PROVIDED RECORDS:

- Opening Delimiter -

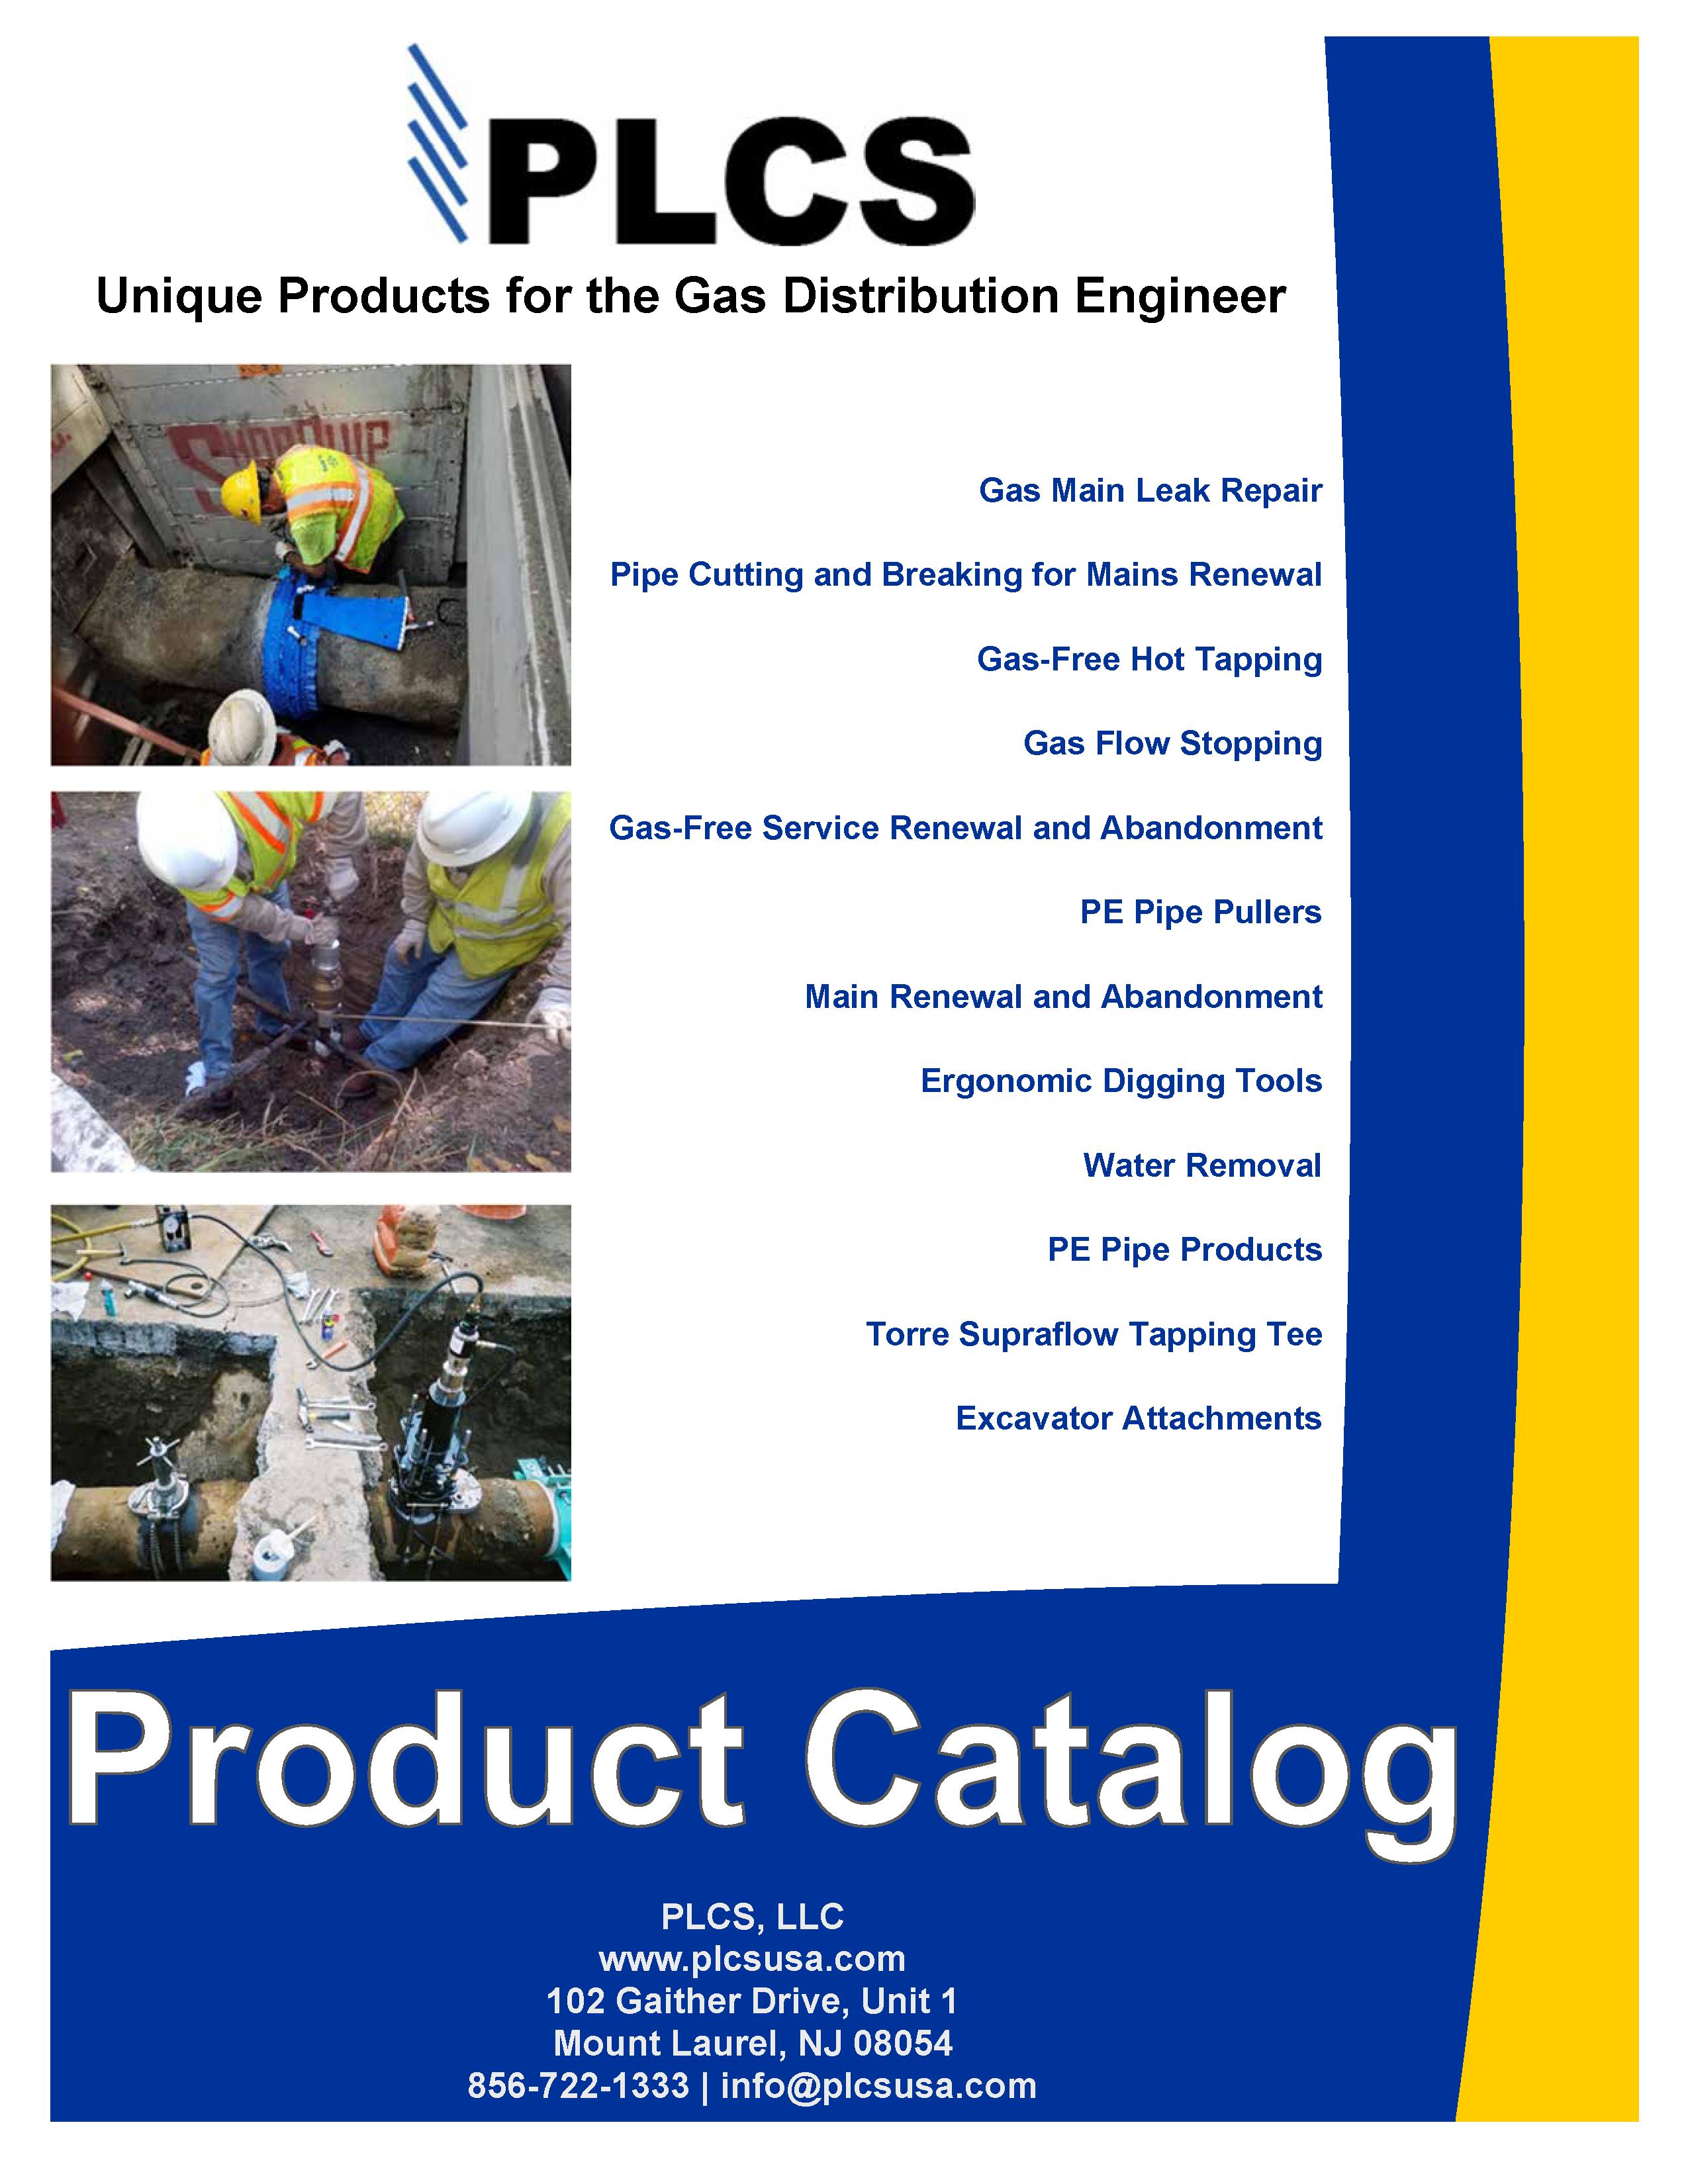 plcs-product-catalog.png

- Closing Delimiter -
- Opening Delimiter -

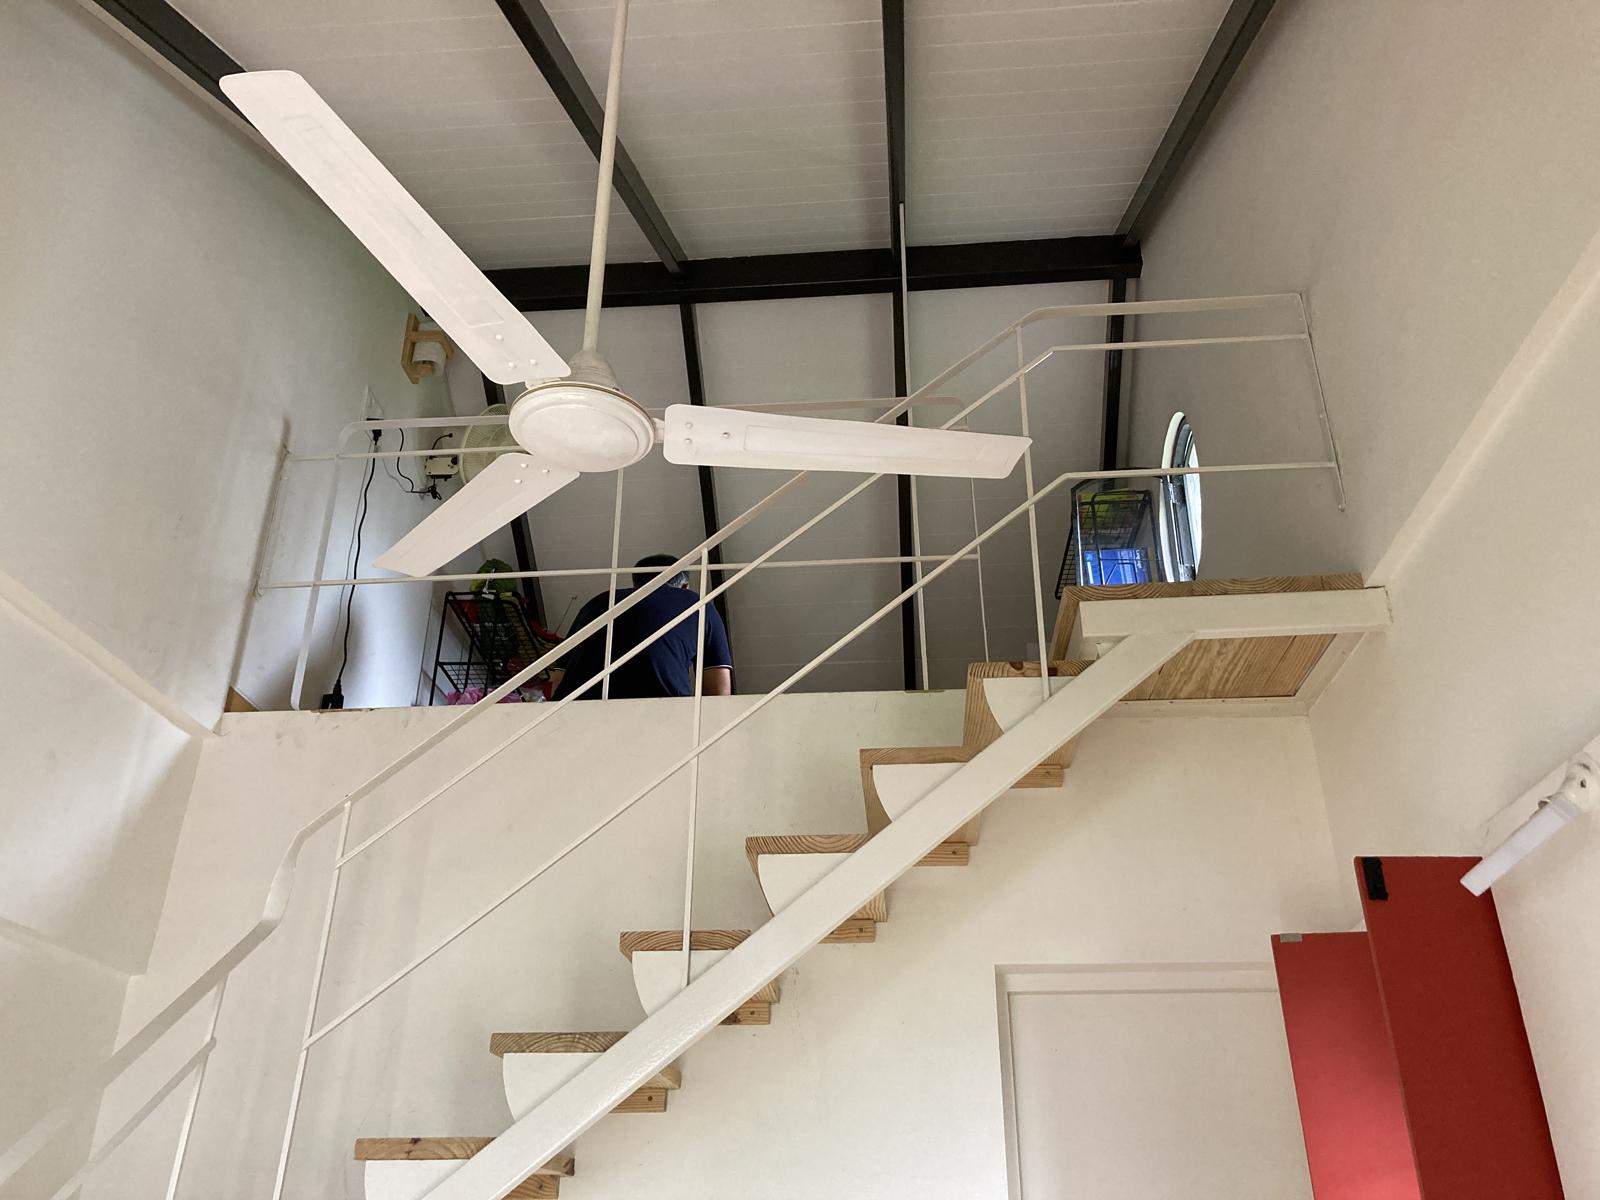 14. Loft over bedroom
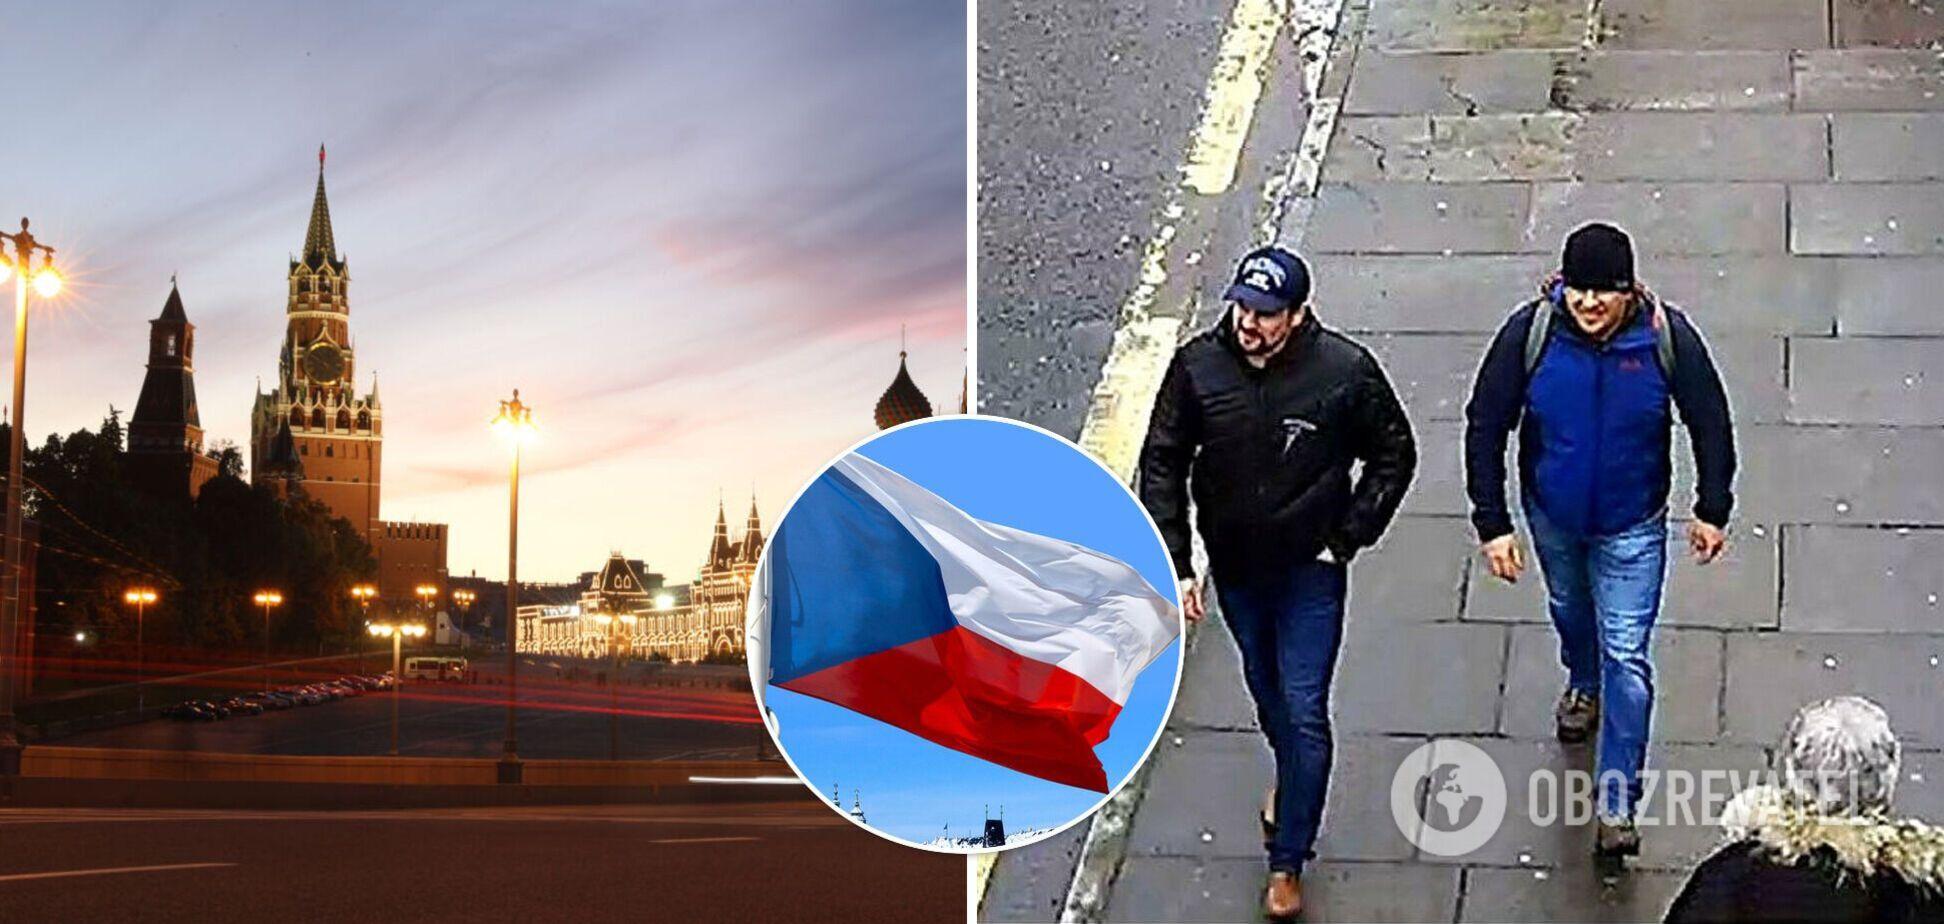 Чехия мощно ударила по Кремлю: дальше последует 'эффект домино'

- Closing Delimiter -

WHAT YOU NEED TO DO:
Leave out the images and write out the lines above exactly, from the one with "14. Loft over bedroom" up to and including the one with "Чехия мощно ударила".

EXERCISE RESULT:
 14. Loft over bedroom
 Чехия мощно ударила по Кремлю: дальше последует 'эффект домино'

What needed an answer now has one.